Obviously one would start working on version updates some time before
the release.
Days or weeks rather than months or years.
Generally all the versions would be updated at the same time, instead
of individually.
Not here, if update 10 dependencies and a build fails, then what? I go back
to square one and update each, one at a time, until I find the culprit,
which to me is a waste of time. BTW, 10 dependencies is not unreasonable
for components like VFS, Configuration, and others.
Well yes, but how likely is there to be a failure in such circumstances?
If the build does not fail, you have saved the noise from at least 9
updates which are generally 3 emails per update.
If it does fail, you will have wasted 2 cycles: the original commit of
10, and the revert. And only 2 emails.
+1 and you will get many thanks from those trying to follow commits and
better review of the actual commits. It seems badly broken to me that
in order to effectively review commits to the commons components that I
watch I have to write filters to ignore most of them. The damage from
making it harder to review commits is far greater than the benefit this
thing provides. Actual code commits are where bugs and vulnerabilities
get introduced. Just like mixing formatting changes with functional
code changes is a bad practice, spamming commits@ with a bunch of
auto-branch creations is bad as it dilutes eyeballs, which are the most
important community resource that we have in ensuring code quality and
security.
Phil
Gary
Gary
Gary
On Wed, Dec 29, 2021, 08:51 Rob Tompkins <chtom...@gmail.com> wrote:
On Dec 29, 2021, at 8:45 AM, Romain Manni-Bucau <
rmannibu...@gmail.com>
wrote:
@Rob: dependabot is mainly about dependencies upgrades and it is
also
why
it is so chatty and has so much false positives.

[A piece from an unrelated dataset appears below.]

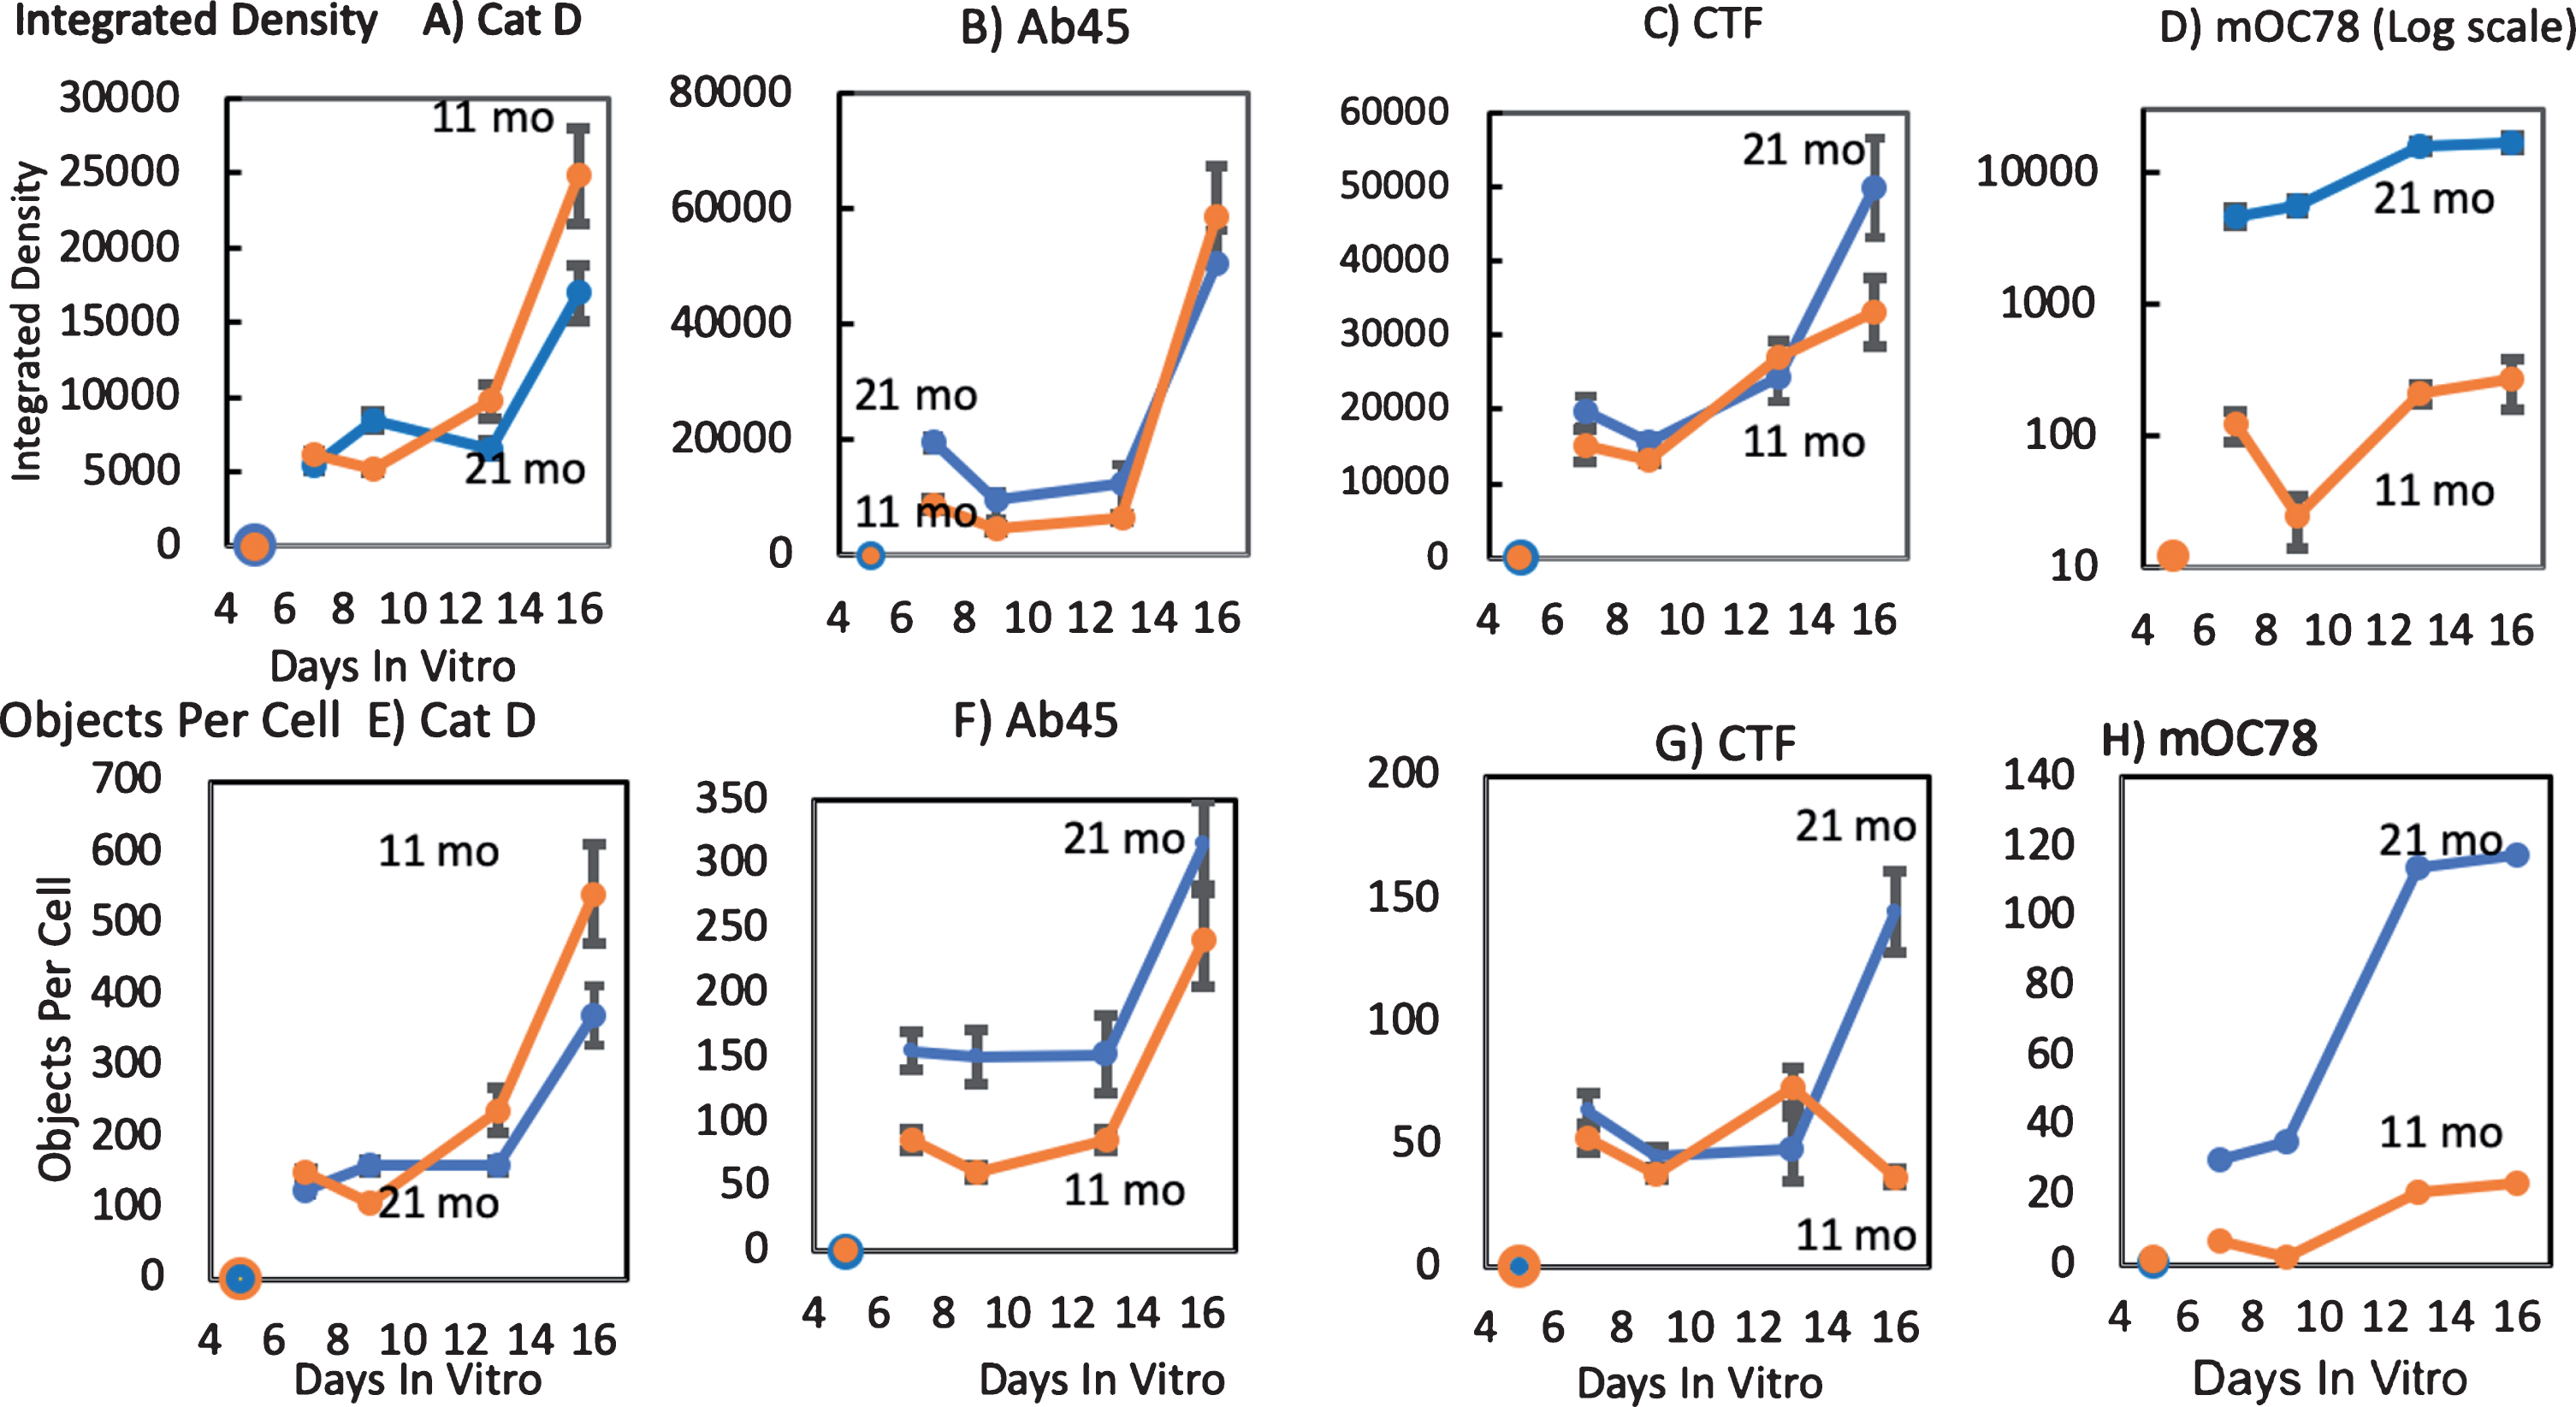 Greatest age-related increases in mOC78 by in vitro kinetics. Immunoreactive integrated density of (A) lysosomal Cathepsin D and (B-D) iAβ forms for neurons from an 11 (orange) and a 21-month-old (blue) female 3xTg-AD mouse. These results are paralleled by measures of objects counted per cell (E-H) from the same cells. Similar kinetics for anti-cathepsin D immunoreactivity (A, E), and iAβ forms (A, E), Aβ45 (B,F), AβPP-CTF (C, G), and mOC78 (D, H). Note that panel D, Y axis is log scale. File 170712.

Yes, I am well aware. But I do not see how a robot telling you to
simply
upgrade is a problem?
Maybe I’m missing something but my impression is that’s what
dependabot
does right? Tell you you need to upgrade?
-Rob
If you want to focus on
CVE then setting up on the CI
https://sonatype.github.io/ossindex-maven/maven-plugin/ is way
more
efficient and accurate (basically when it fails you must act) so
dependabot
is a great reporting tool for managers but not to work on an
everyday
basis
IMHO until it is very finely configure but commons is far to
need so
much
investment since there already have solutions for everything
needed
IMHO.
Romain Manni-Bucau
@rmannibucau <https://twitter.com/rmannibucau> | Blog
<https://rmannibucau.metawerx.net/> | Old Blog
<http://rmannibucau.wordpress.com> | Github <
https://github.com/rmannibucau> |
LinkedIn <https://www.linkedin.com/in/rmannibucau> | Book
<
https://www.packtpub.com/application-development/java-ee-8-high-performance
Le mer. 29 déc. 2021 à 14:39, Rob Tompkins <chtom...@gmail.com>
a
écrit :
Guys. I think dependabot is our greatest advantage in the work
against
security problems. I know she has her failings and is chatty.
But, I
think
we should open a line of thinking about how best she can help.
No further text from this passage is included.